- About this task
Exactly as written, return all the data, leaving its pictures behind.

- Data provided
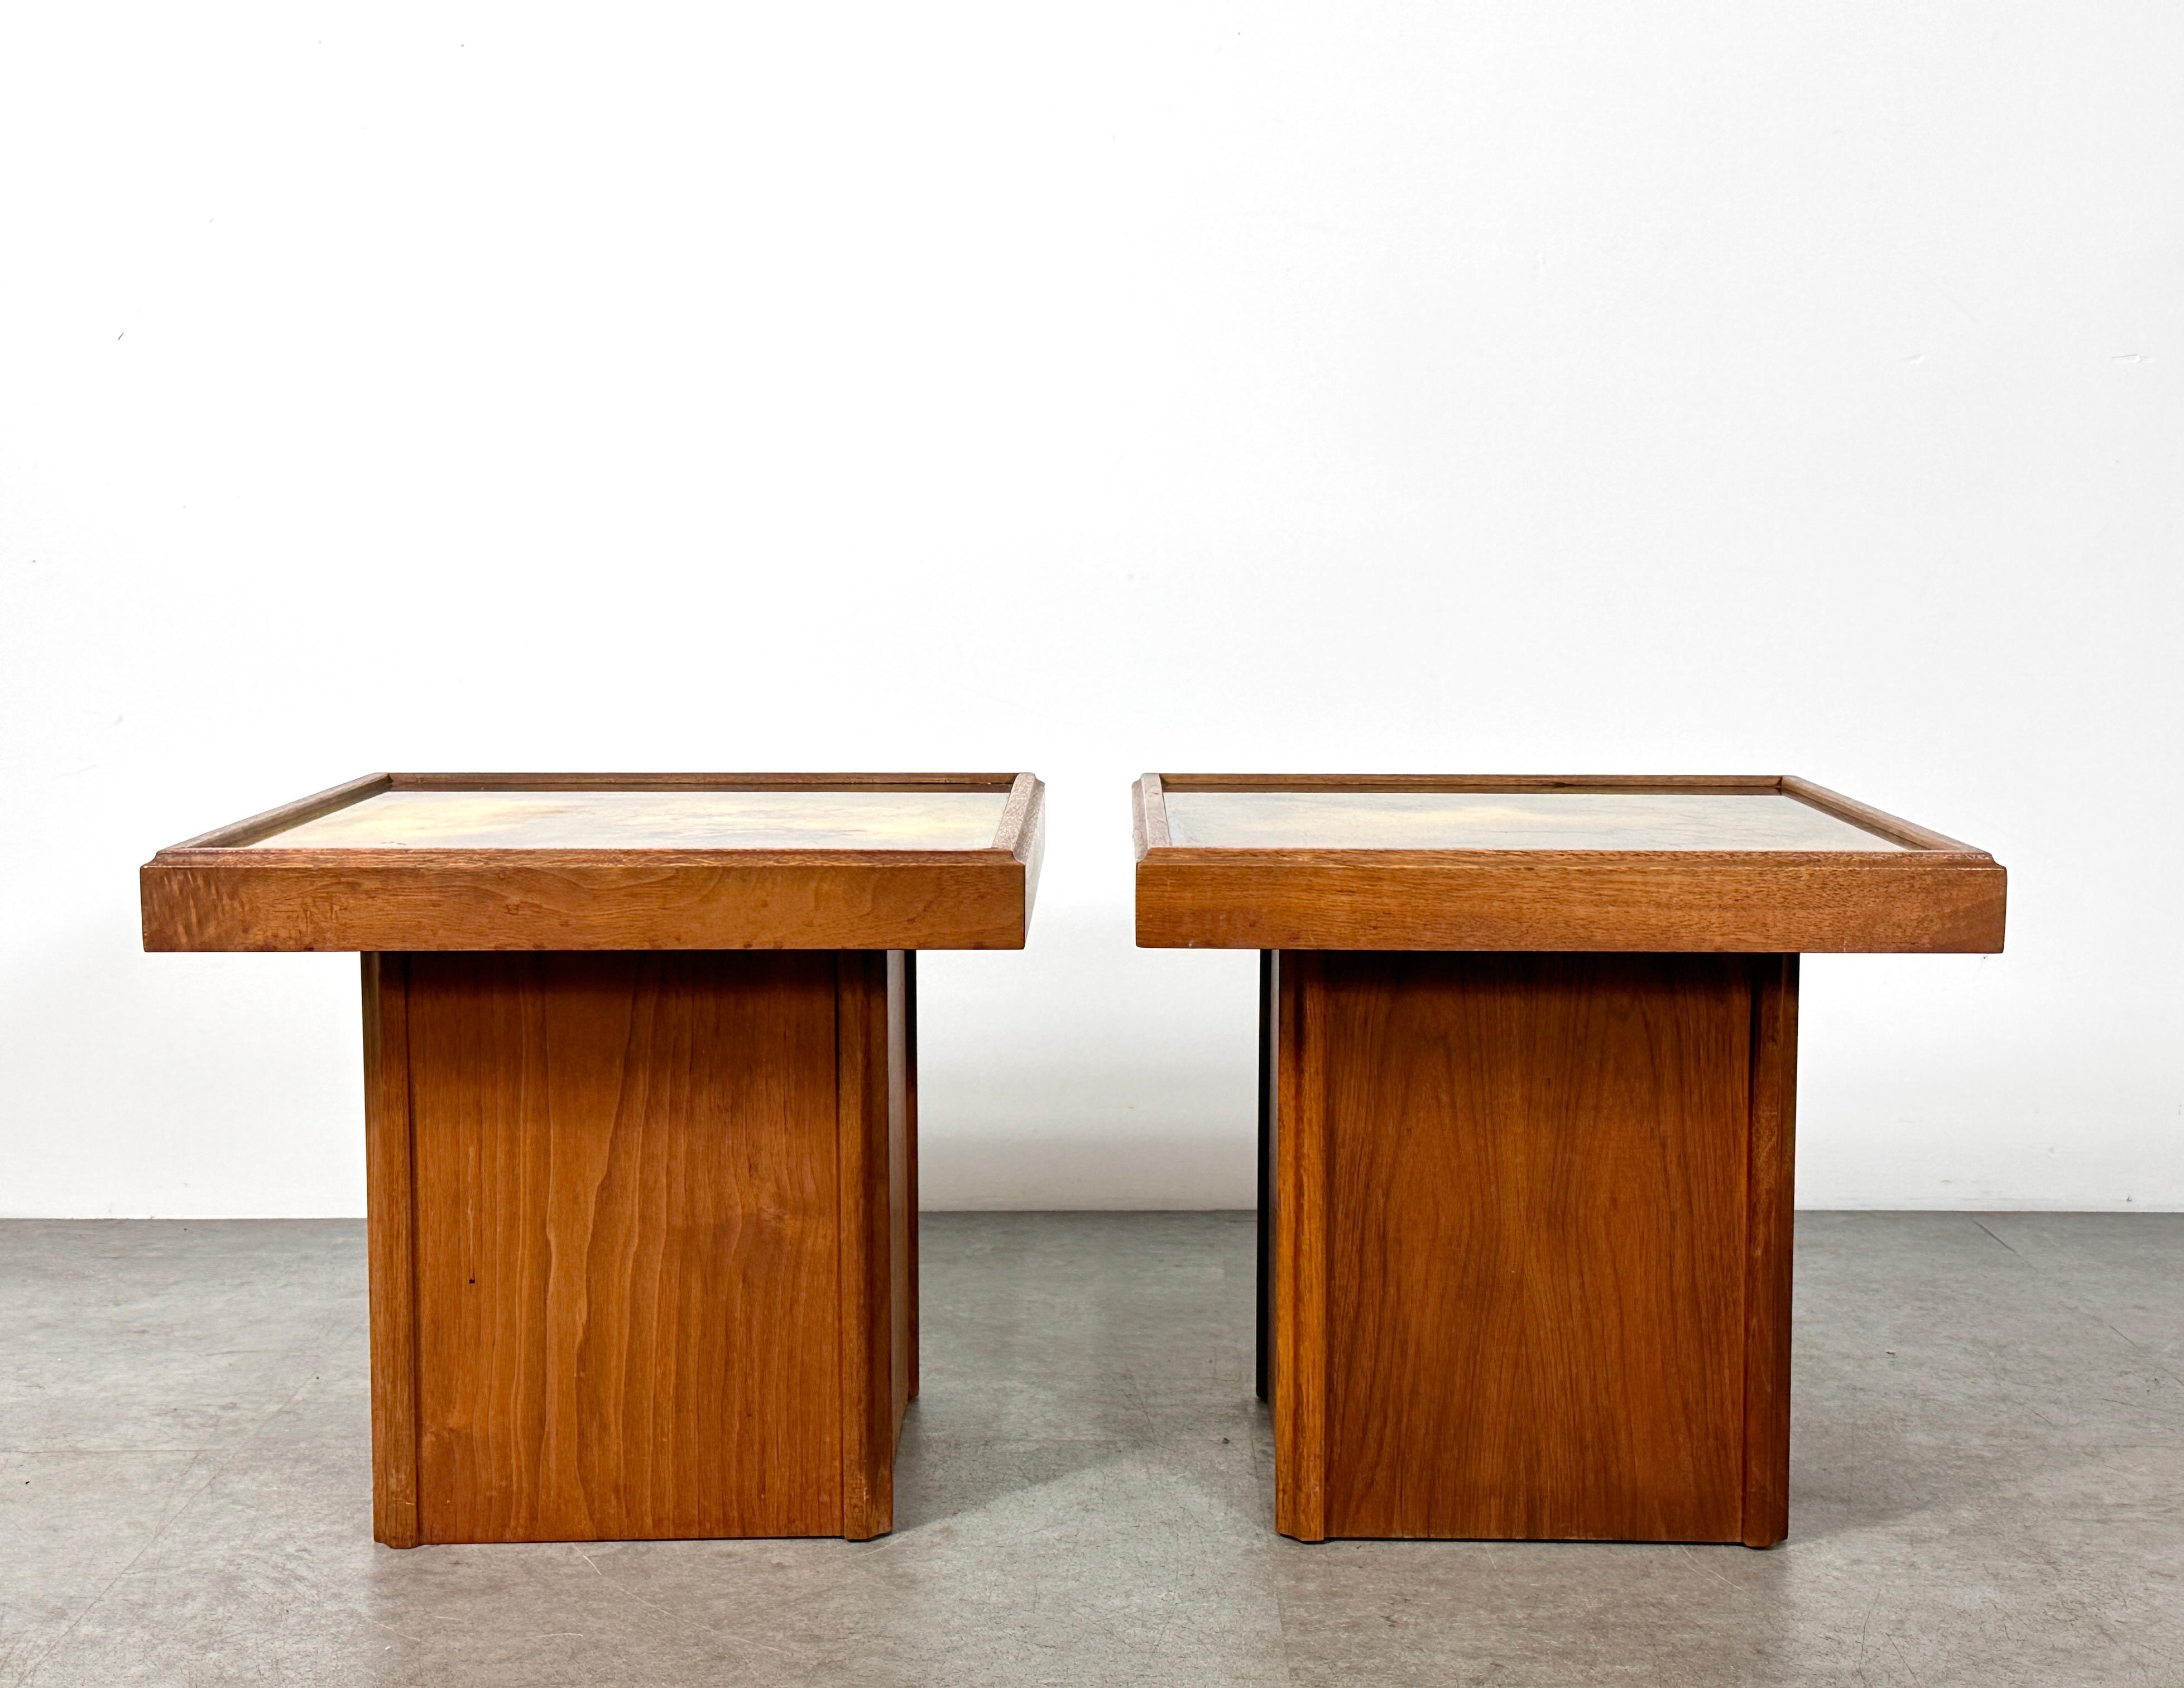 Einzigartiges Paar Beistelltische, entworfen von John Keal für Brown Saltman, ca. 1950er Jahre
Quadratische Sockel aus Nussbaumholz mit dekorativen, hinterlackierten Glasflächen in gesprenkelten Goldtönen
Beide Tabellen behalten ihr ursprüngliches

- Written answer
 Einzigartiges Paar Beistelltische, entworfen von John Keal für Brown Saltman, ca. 1950er Jahre
Quadratische Sockel aus Nussbaumholz mit dekorativen, hinterlackierten Glasflächen in gesprenkelten Goldtönen
Beide Tabellen behalten ihr ursprüngliches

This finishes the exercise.